With the U.S. Justice Department and Attorney General Eric Holder continually under fire these days, it was something of a surprise, even to Capitol Hill insiders, that the Freedom of Information Act, or FOIA, is now in the crosshairs, and that new rules are being advanced not only to deny the public access to documents, but to lie outright, telling requesters that either the documents never existed or don’t exist now. Washington Times reporter Luke Rosiak quoted portions of the nonprofit Electronic Privacy Information Center’s (EPIC) letter to the Justice Department lambasting its 180-degree turn: “These changes [to FOIA] … are contrary to law and exceed the authority of the agency.” EPIC’s letter called the move a “retreat from current practice.”

“The administration’s proposed changes to the Freedom of Information Act guidelines would allow the Department of Justice to deny the existence of documents and [even] prevent judicial oversight,” wrote Seth Mendel in Commentary Magazine. He noted that even the American Civil Liberties Union (ACLU) agreed that Obama was “authorizing agencies to lie.”

The changes were announced October 30 and promptly picked up by most major news outlets. Legal Counsel for the Sunlight Foundation, John Mr. Wonderlich, wrote a strongly worded letter to the Department decrying the blatant retreat from open-government policies.

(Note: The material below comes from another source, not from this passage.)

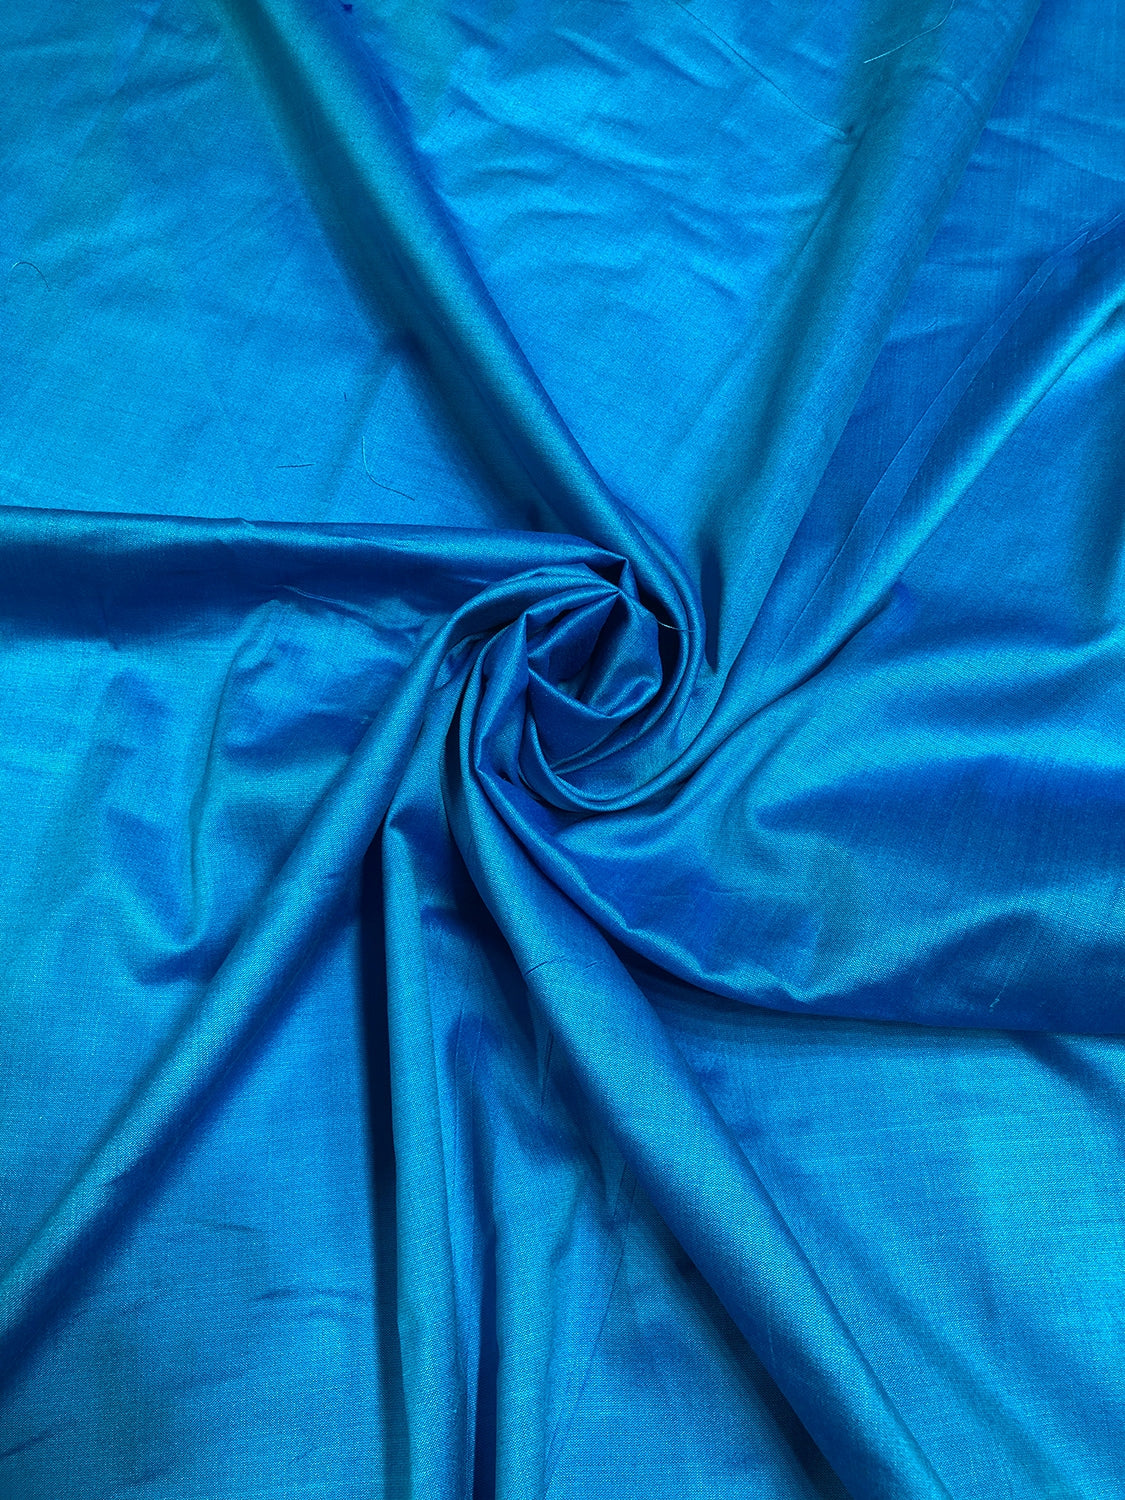 Vivid Blue Spun Silk Fabric

As recently as September 23, the White House approved the post to FOIA’s website, officially releasing its Status Report on Open Government, which one can still see as of this writing. It boasts “substantial steps to increase participation and collaboration in government, and to make government more transparent,” citing “the Administration’s unprecedented efforts to promote greater disclosure…, [with] a focus on improving the FOIA process through the use of technology.”

If the FOIA office, a component agency of the Justice Department, is provided the specific exemptions it wants, especially giving staff carte blanche to lie outright about the existence of records as opposed to merely declining to provide them, requesters would be prevented from even appealing the decision — technically called “challenging the application of the exemption” — in court. Heretofore, petitioners have had the option of appeal. A Washington Examiner editorial further explained that “[b]y thus creating an area of federal activity that is completely exempt from judicial review, the proposal undercuts due process and other constitutional protections.”

The attempt to transform FOIA would also make it more difficult to obtain “fee waivers,” something typically provided to the media, part-time reporters, and online journalists to circumvent the often prohibitively exorbitant fees associated with FOIA requests.

FOIA was initially signed into law by President Lyndon B. Johnson on July 4, 1966, and was amended so as to cover electronic records in 1996. Congress actually sought to strengthen FOIA in the wake of the Watergate scandal in 1974. After negotiations between Congress and the Ford Administration broke down, Congress passed the strengthening amendments to FOIA, which the President then vetoed. But the majority-Democrat Congress swiftly voted to override the veto. Clearly, it was in their interest following Watergate and the unpopular Vietnam War to at least make a pretense of openness.

But conservative watchdog organizations — e.g., Judicial Watch, Accuracy in Media, etc. — soon discovered how to make the new openness policy (a.k.a. “transparency”) work for them. Traditionalists, values-voters, constitutionalists and especially the conservative print media made it abundantly clear to Democrats in the scandal-ridden Clinton era that they might have miscalculated on FOIA. This eventually presented a huge problem for Big Government liberals and leftists, who were not so keen on being held accountable to the “unwashed masses,” on the grounds that average citizens (“nonprofessionals”) didn’t understand the issues. On the other hand, saying so in public was a political suicide.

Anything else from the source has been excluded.